Exercise goal: Transcribe nothing except the lines below that run from the one with "Ziaja Baltic Home" to the one with "Christus, Offenburg. Wooden", ends included, and do not copy any picture.

Materials provided:
* * * * *
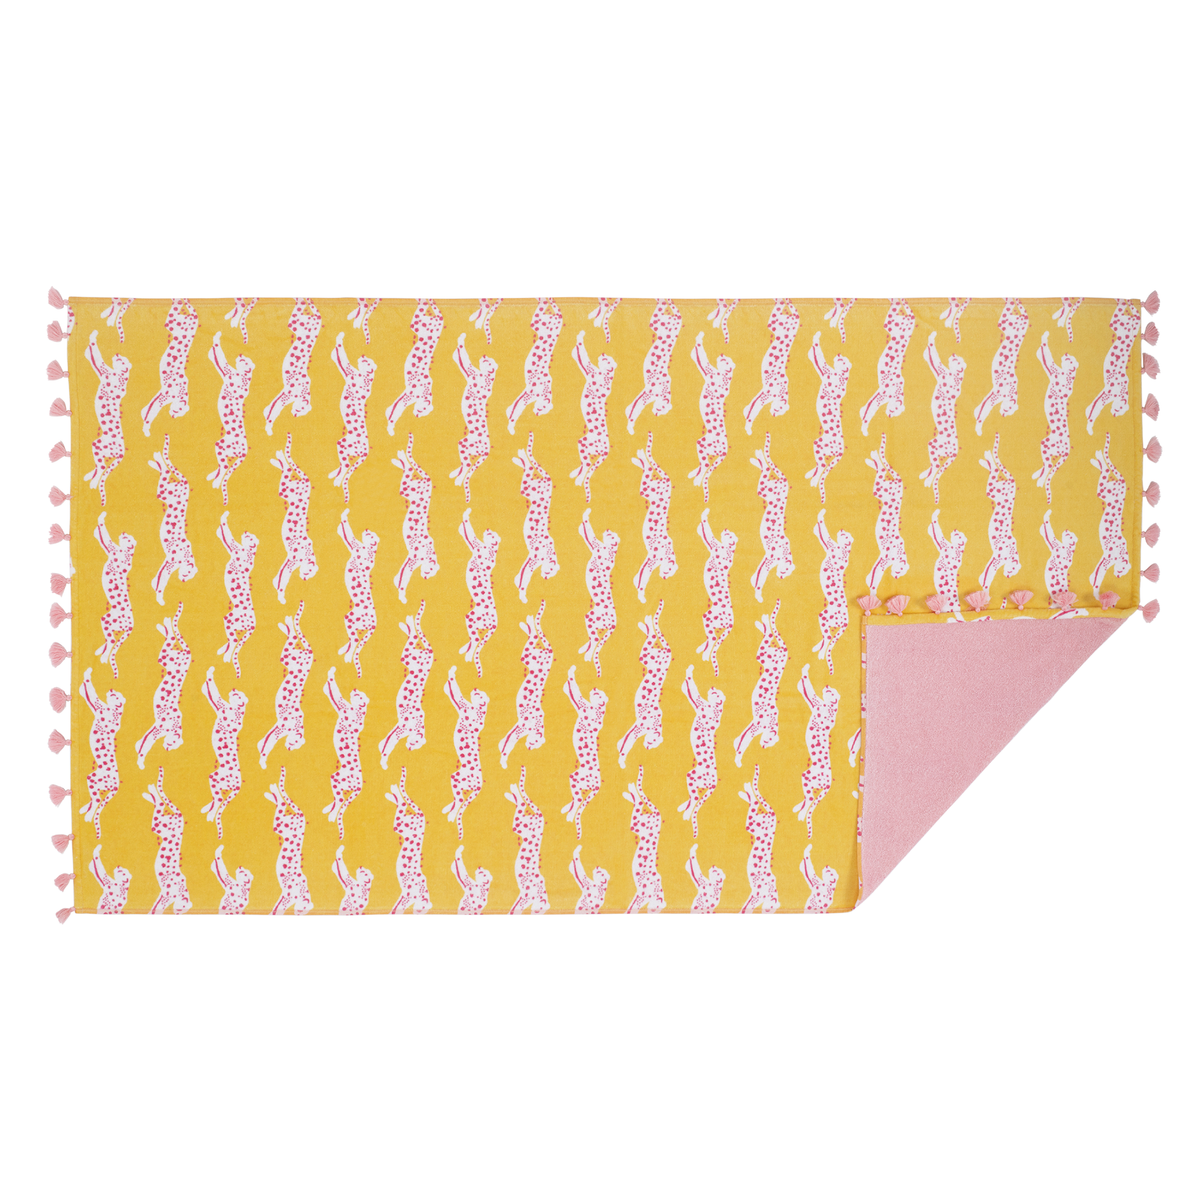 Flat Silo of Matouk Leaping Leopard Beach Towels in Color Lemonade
* * * * *
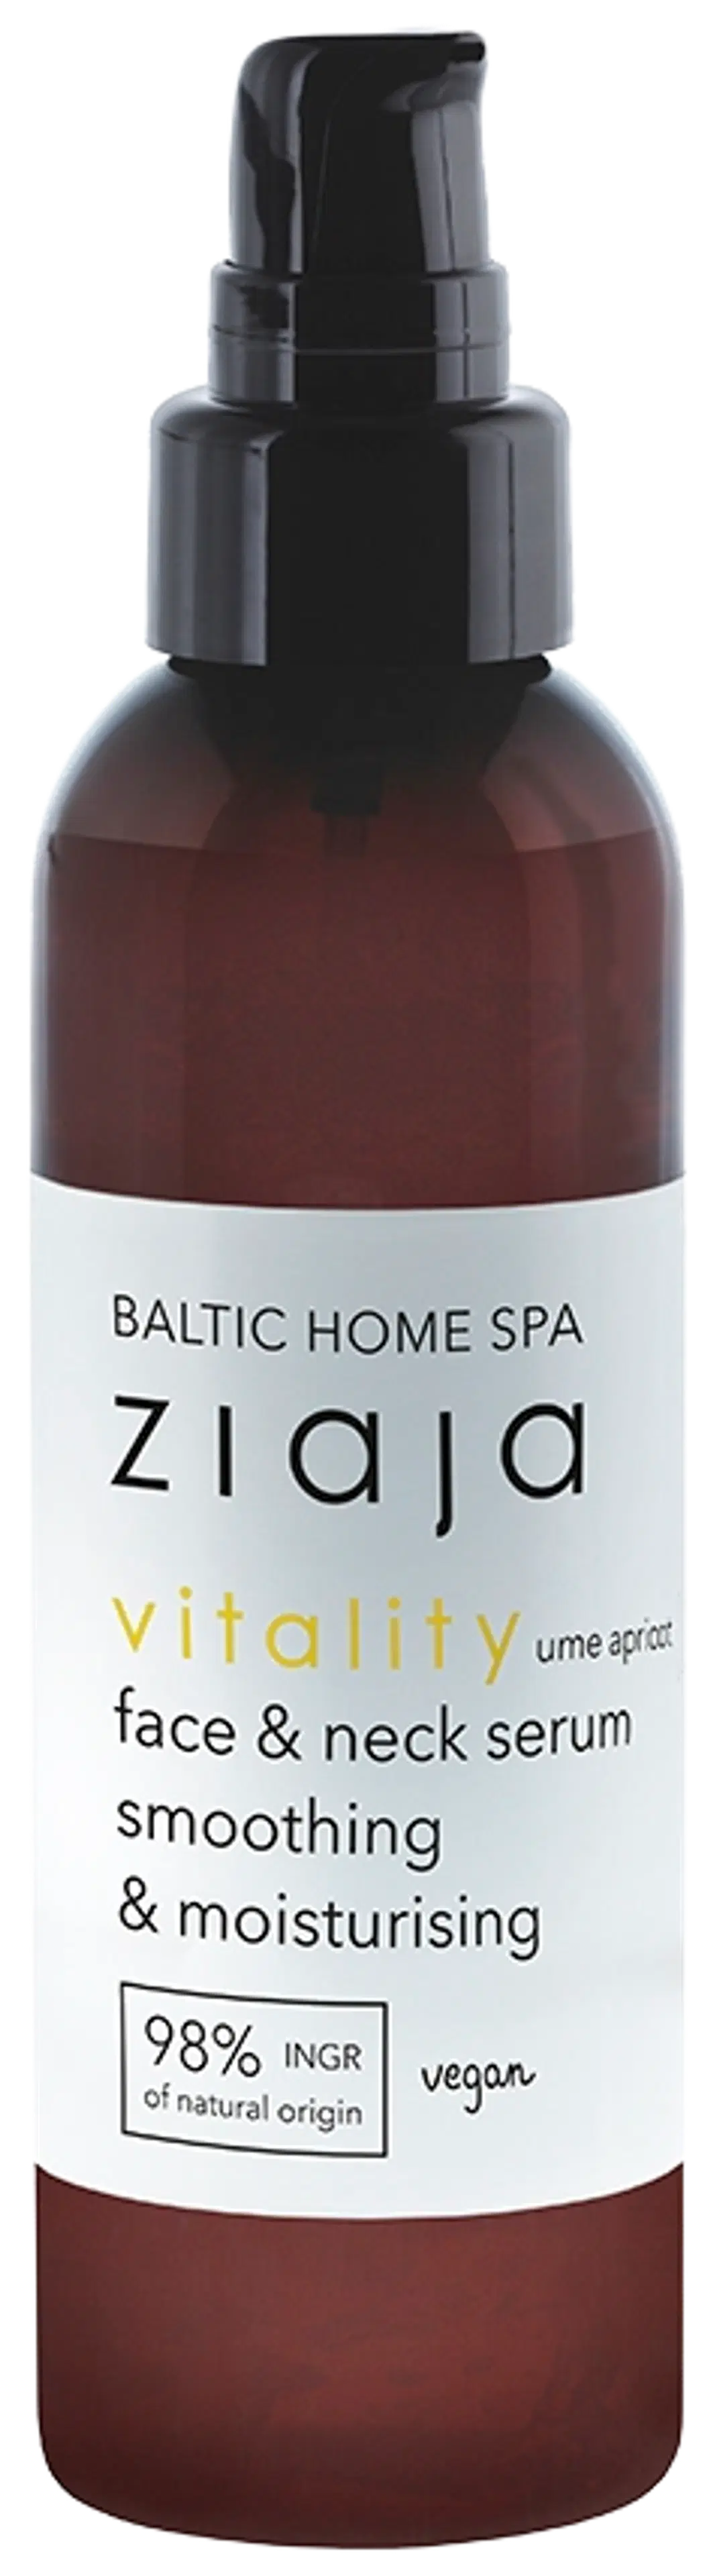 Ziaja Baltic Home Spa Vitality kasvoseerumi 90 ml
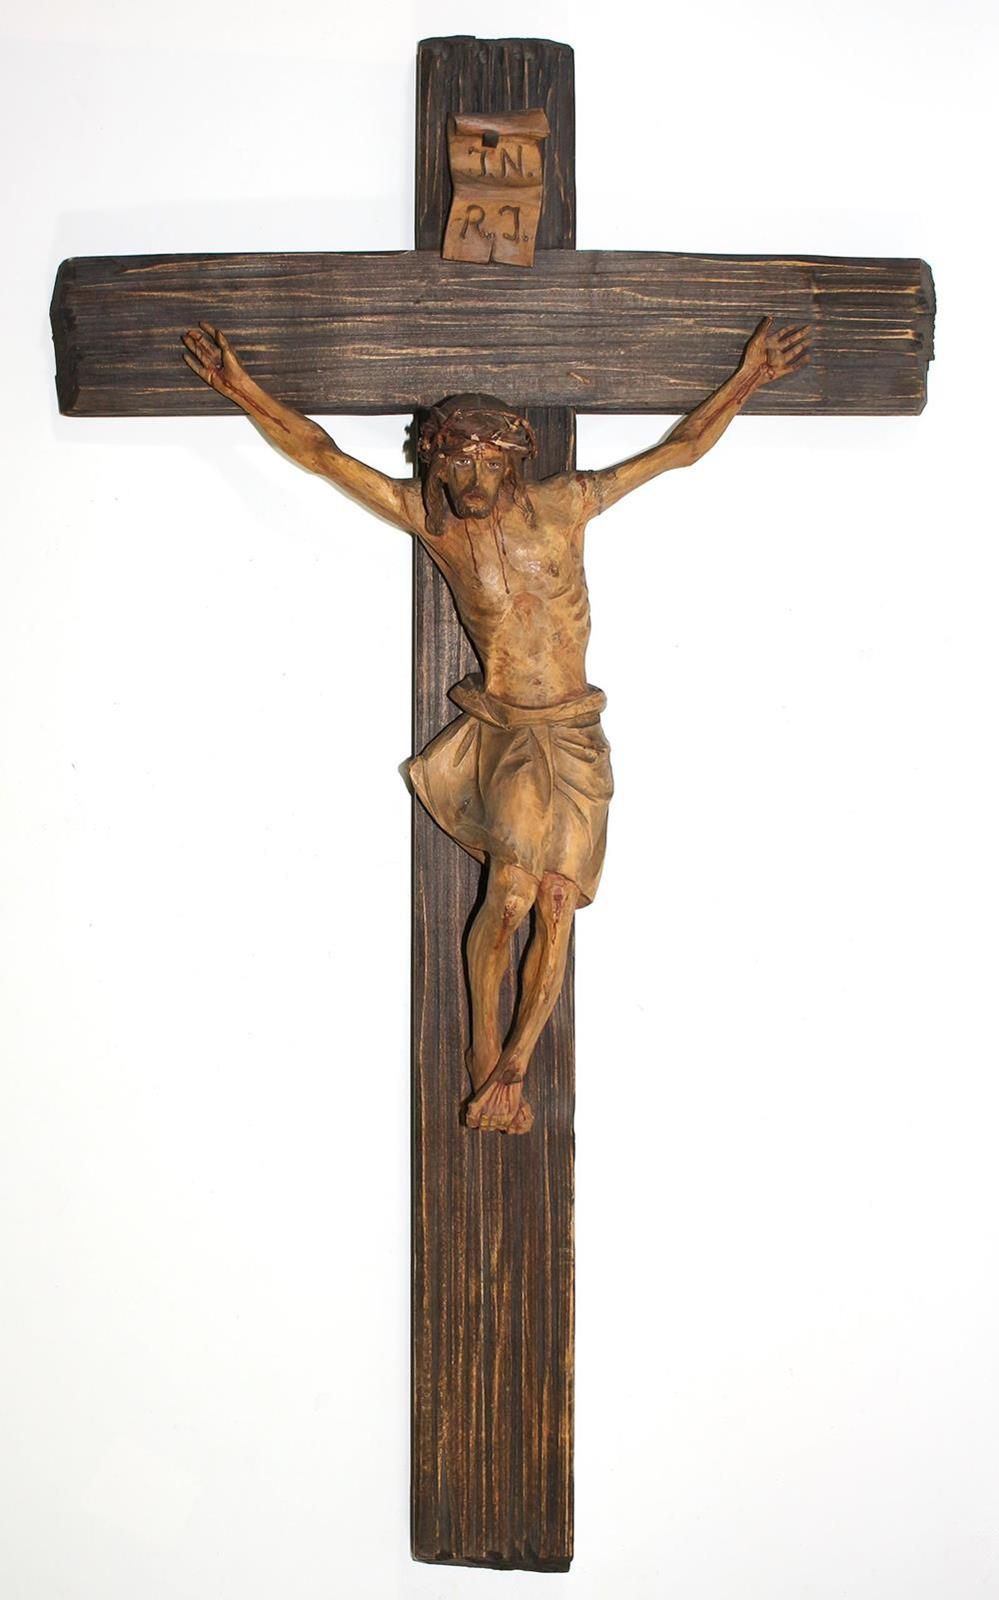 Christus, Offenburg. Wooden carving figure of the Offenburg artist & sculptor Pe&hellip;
* * * * *
Reply to the exercise:
 Ziaja Baltic Home Spa Vitality kasvoseerumi 90 ml
 Christus, Offenburg. Wooden carving figure of the Offenburg artist & sculptor Pe&hellip;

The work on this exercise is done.